Another simplifying assumption is to assume the pension increases on all benefits accrued before 6 April 1997 are the increases disclosed on the Scheme Return issued by the Pensions Regulator. This allows a scheme to declare it has fixed pension increases, pension increases of a percentage of RPI, inflation subject to a cap, or an “other” definition of pension increases.

At the end of MFR transformation formulae in the levy consultation update there are tables showing how the MFR pension increase assumptions will be determined in certain cases. These tables are intended to give an indication of the approach that will be adopted, although they are not fully comprehensive. The Board does not currently intend to provide a fully comprehensive set of tables in view of the great variety of pension increases used by eligible pension schemes.

The Board intends to adopt a prudent assumption for all schemes which have indicated “other” pension increases. The Board does not propose to publish information on the assumption used in this circumstance.  Assuming that they were shown as having “other” pension increases on the basis that the other categories on the scheme return do not directly reflect the benefit definition, schemes with pension increases of LPI subject to a minimum of 3% will have this assumption applied to them.

In section (a)(VI) of the methodology, the assumptions for defannuityfactor(MFRrate@MFRDate) in the formulae for S179PLEqEasePre97 and S179PLEqEasePost97 (these variables concerning the part of pensioner liabilities the MFR deems to be equity related, in accordance with the MFR equity easement) say to follow the guidance in GN27 Appendix 2 paragraph A. But the summary of factors for the MFR basis at the end of the methodology document say “for the ‘equity easement’ component use … 1.1 and 10%” which are from GN27 Appendix 2 paragraph B1. Should these two references in (a)(VI) be to GN27 Appendix 2 B1, and not A?
Yes.

In section (c)(I) of the methodology, annuityfactor2 and annuityfactor4 are said to be the same as two annuityfactors in (a)(VI). However (a)(VI) contains both “standard” annuities based on MFR or S179 mortality assumptions and annuity certains based on fixed terms if the equity easement applies to the scheme. Which annuityfactors should be used?
Refer to the “standard” annuities in (a)(VI) for calculating annuityfactors 2 and 4 in (c)(I), i.e. those using mortality assumptions and not the annuity certains.

The methodology also comments that because these annuities are the same they are not critical to the eventual result of the calculation. We acknowledge that although this comment applies where the equity easement is not allowed for (i.e. when M=0, see (a)(IV) for definition of M) because the numerator annuities in (a)(VI) cancel out with those in the denominators in (c)(I), the annuities do not cancel out if the equity easement is allowed for (when M>0).

What does the PPF propose to do where a scheme has more than one level of pre 1997 pension increase?
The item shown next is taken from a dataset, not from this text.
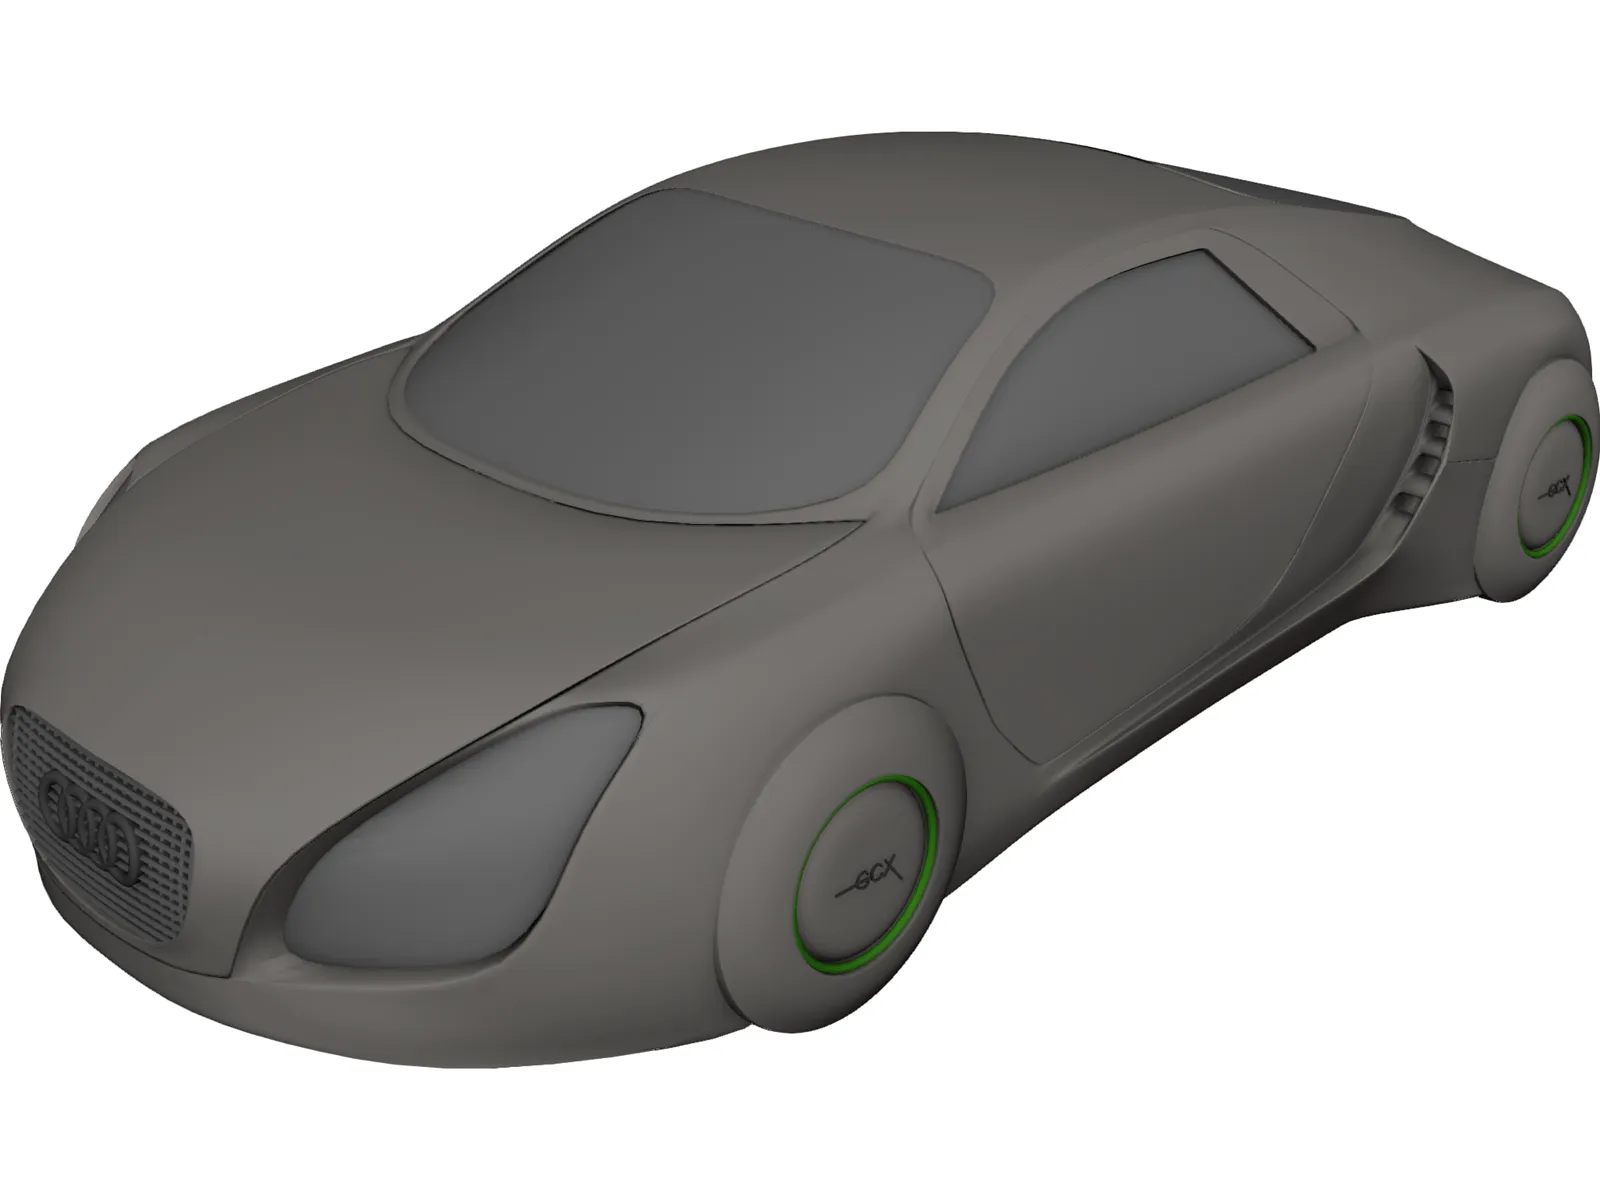 Audi RSQ 10 Concept 3D Model
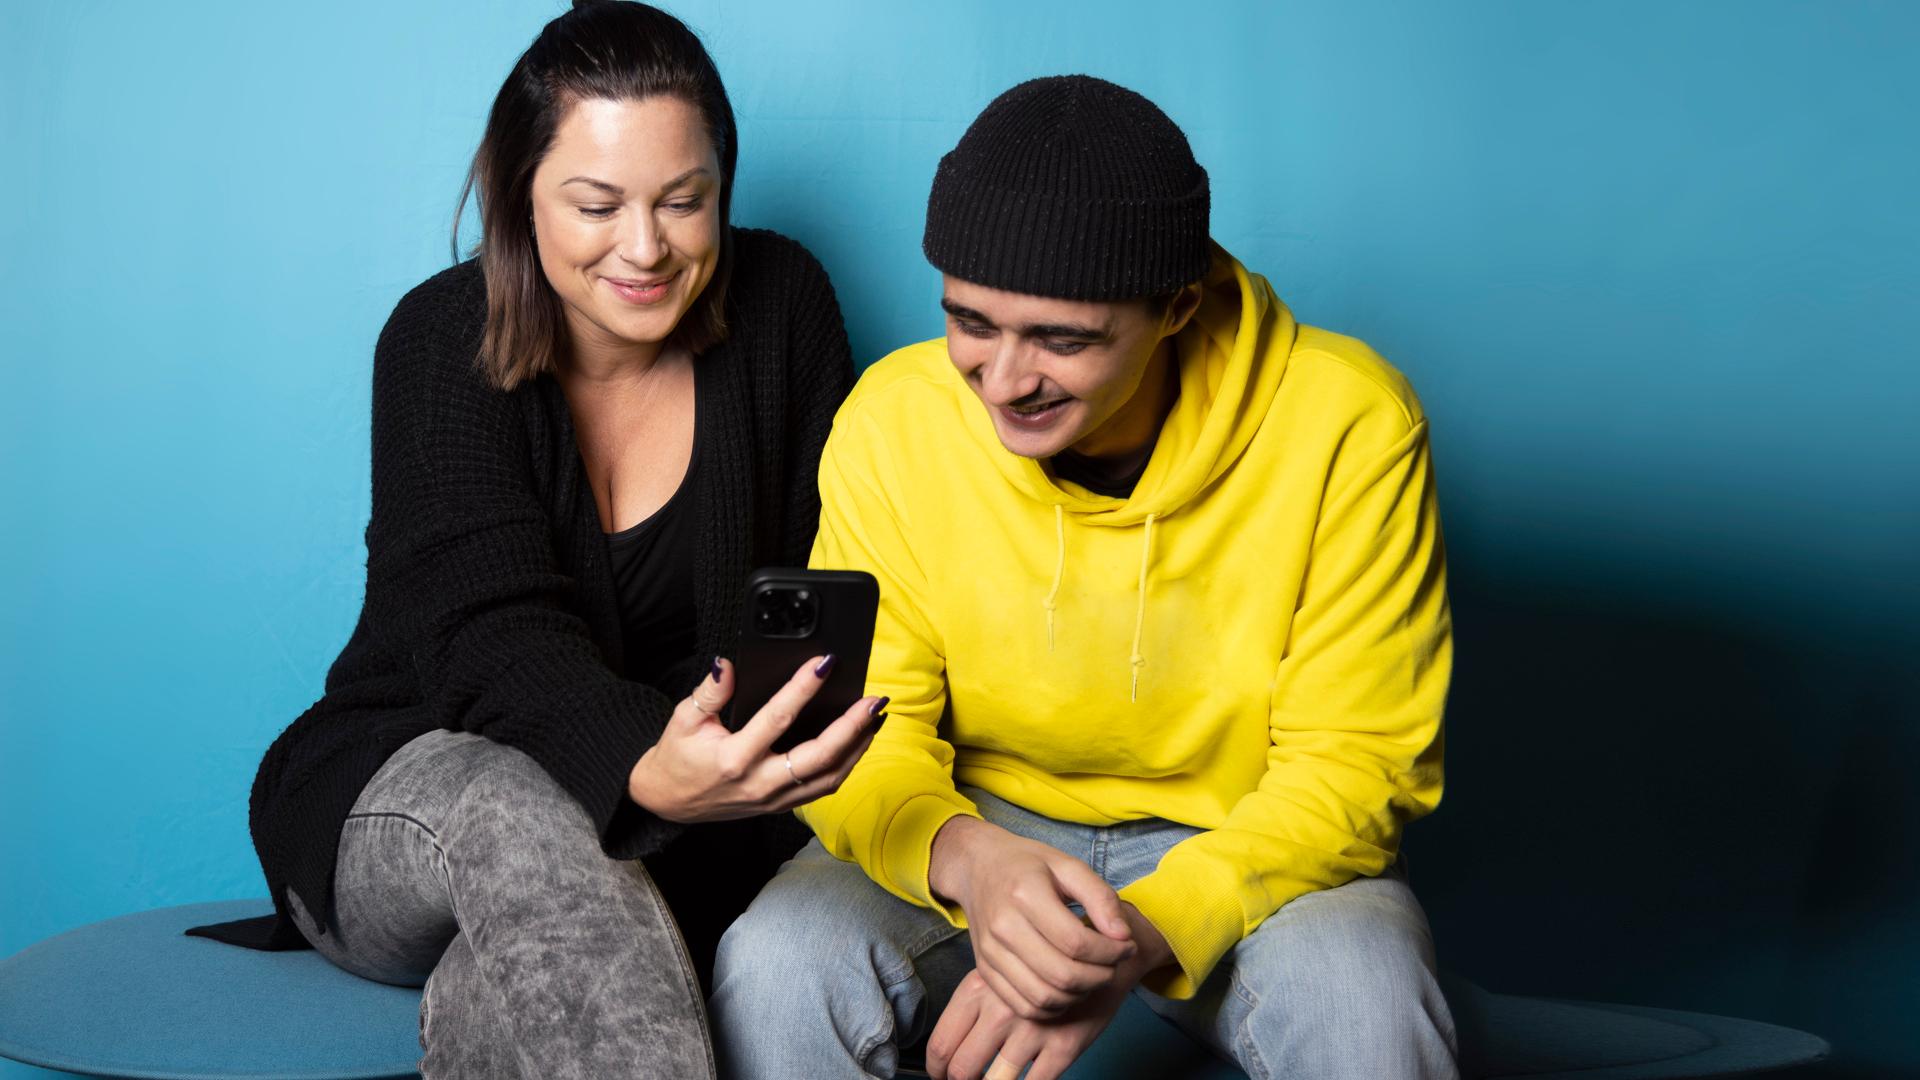 En ung man i gul tröja och svart mössa sitter bredvid en ung kvinna i svart tröja. De ler och tittar tillsammans på en mobiltelefon.

Examples could be (1) different increases depending on level of membership (say, directors and employees), and (2) different increases attributable to different periods of pre 1997 service. (added 18/1/06)
Only one level of pre 1997 pension increase is allowed for in the MFR conversion formulae.  Where schemes have provided more than one level of pension increase in their scheme return it is likely that the information that we receive from the Pensions Regulator will not be useable. If this is the case then the PPF Board will make a prudent assumption about the level of pre 1997 pension increase. We do not propose to publish information on the assumptions used under these circumstances.

If the scheme return shows a specific percentage above 120% will you use it notwithstanding there is no requirement to have submitted the data? (added 20/1/06)
If a scheme return shows a specific percentage above 120%, then we will use it notwithstanding that there is no requirement to have submitted the data.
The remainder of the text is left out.